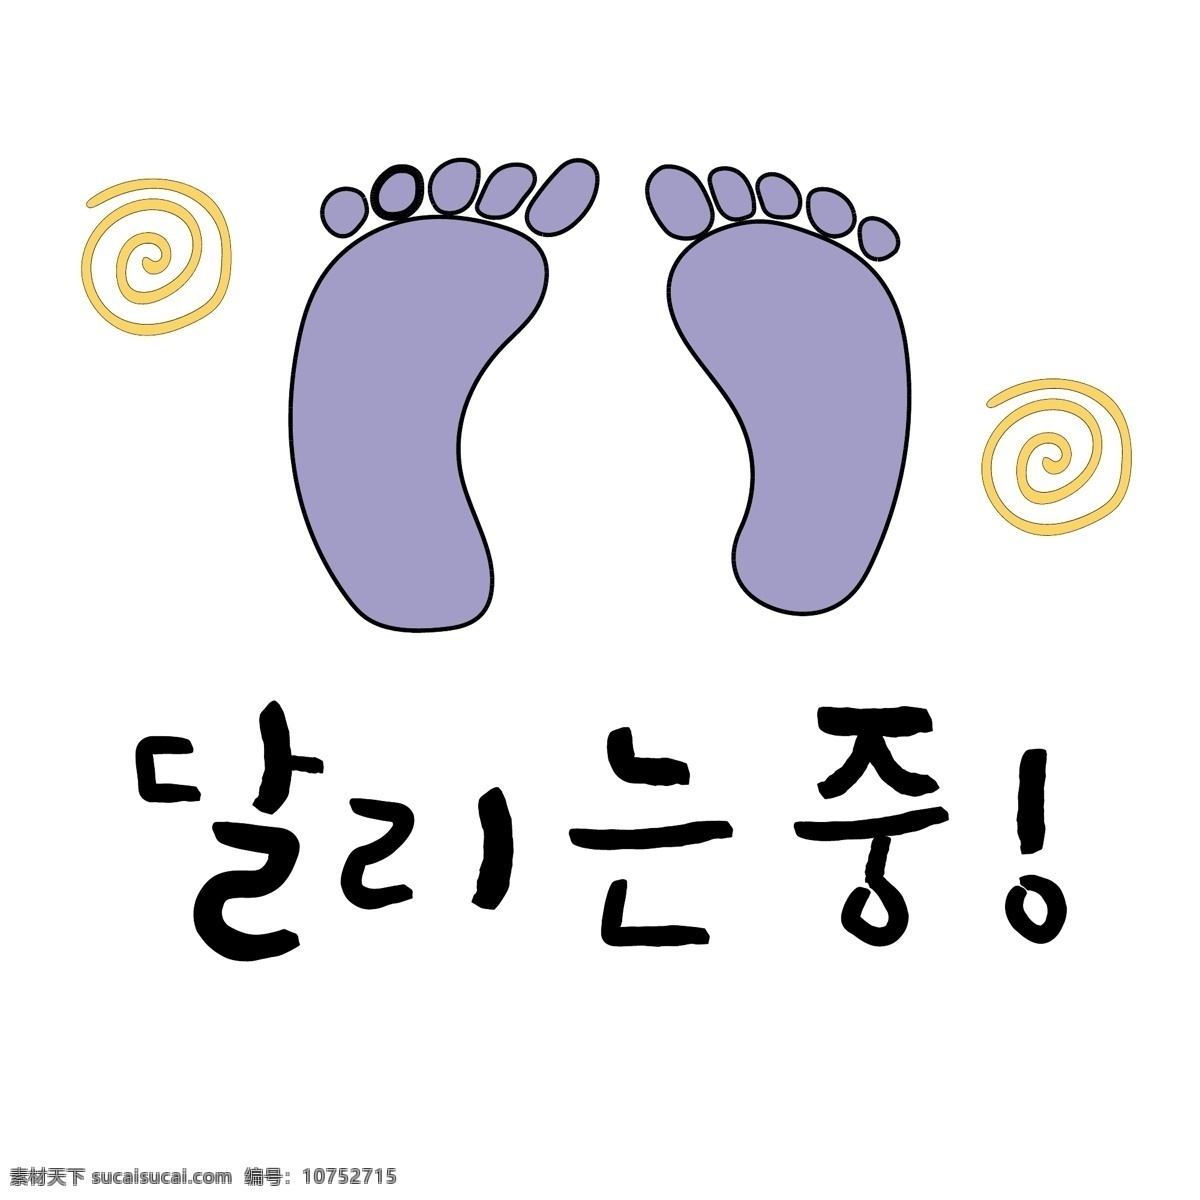 脚 上 奔跑 韩国 商 用语 肝药 和尚 对话 漫画 脚印 小的 向量 日常用语 紫色 卡通
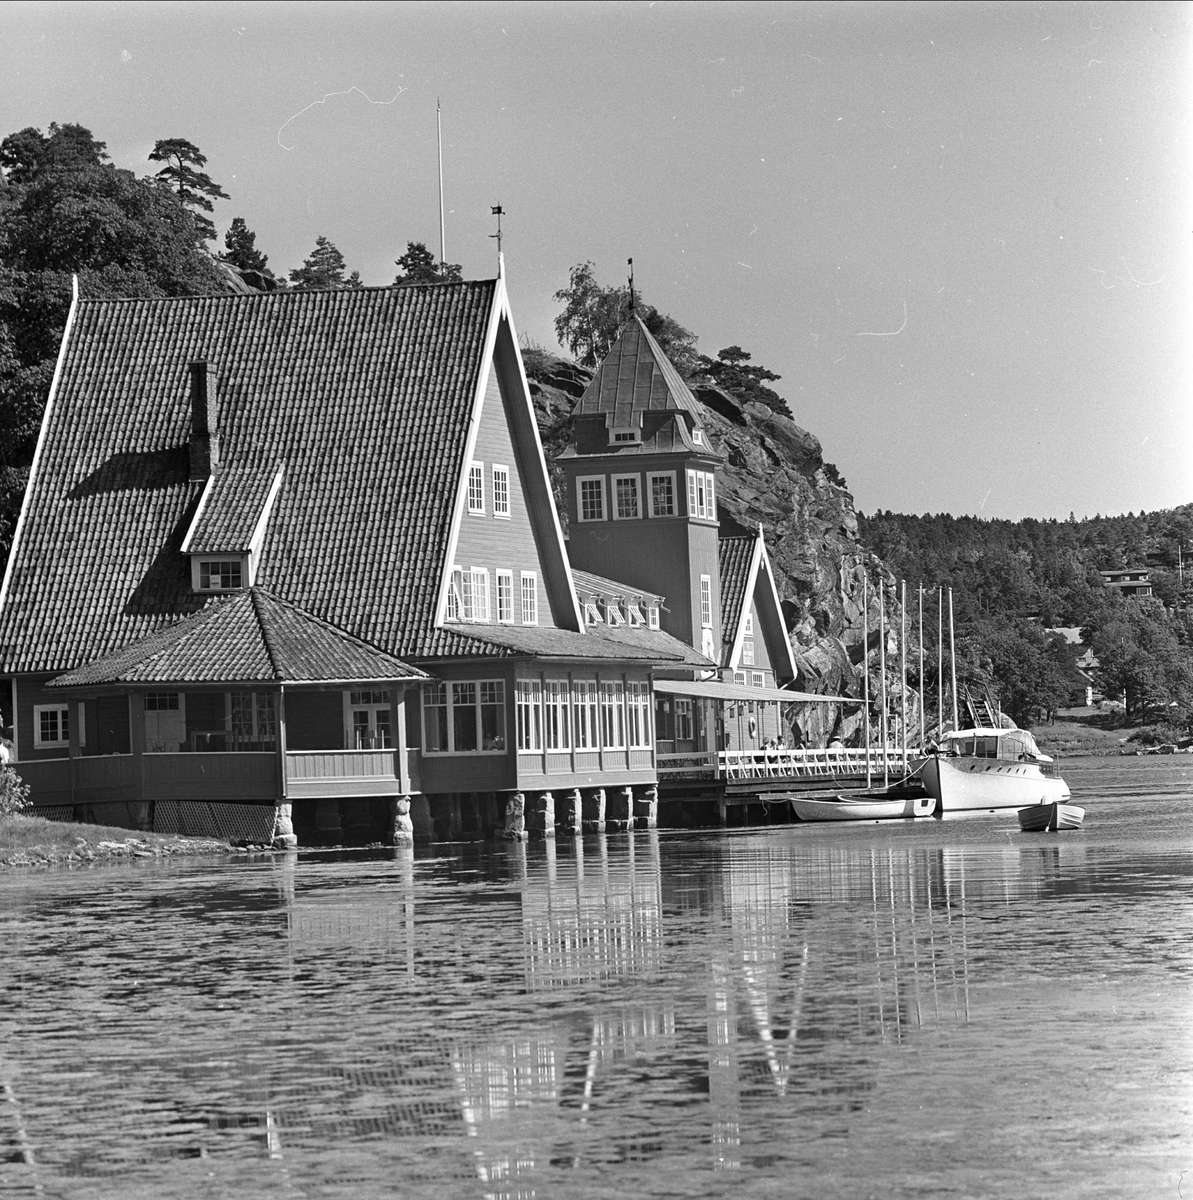 Stemning før regatta på Hankø, Fredrikstad, Østfold, juni 1964.  Seilerkroen og Hankø Yachtklubb.
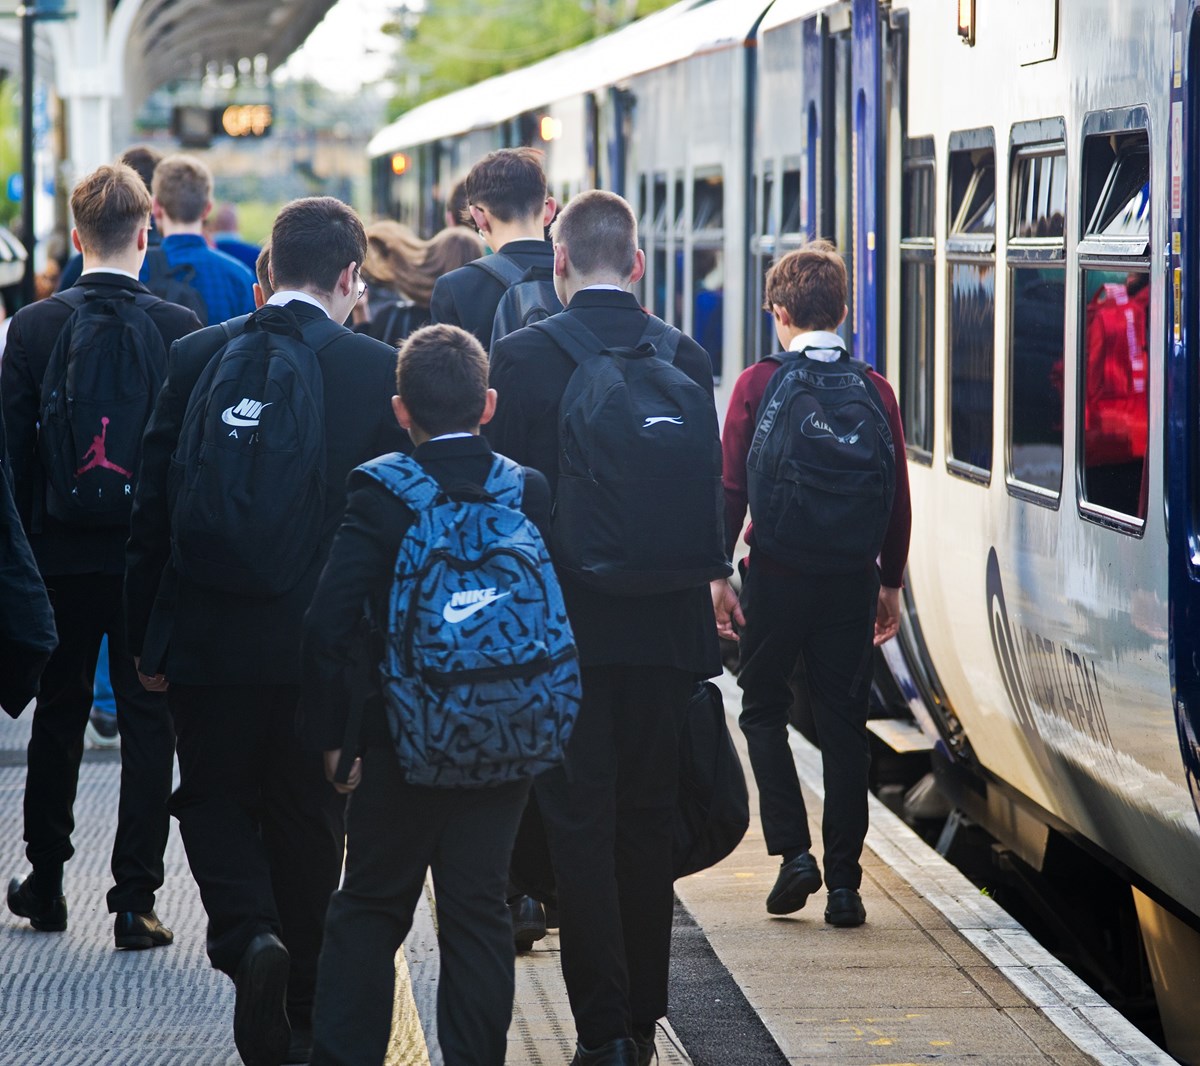 Image shows schoolchildren commuting to school

----------

▶ _Activity_
Exactly as written, restate all of the data, leaving out the images.

▶ _Written response_
 脚 上 奔跑 韩国 商 用语 肝药 和尚 对话 漫画 脚印 小的 向量 日常用语 紫色 卡通
 Stemning før regatta på Hankø, Fredrikstad, Østfold, juni 1964.  Seilerkroen og Hankø Yachtklubb.
 Image shows schoolchildren commuting to school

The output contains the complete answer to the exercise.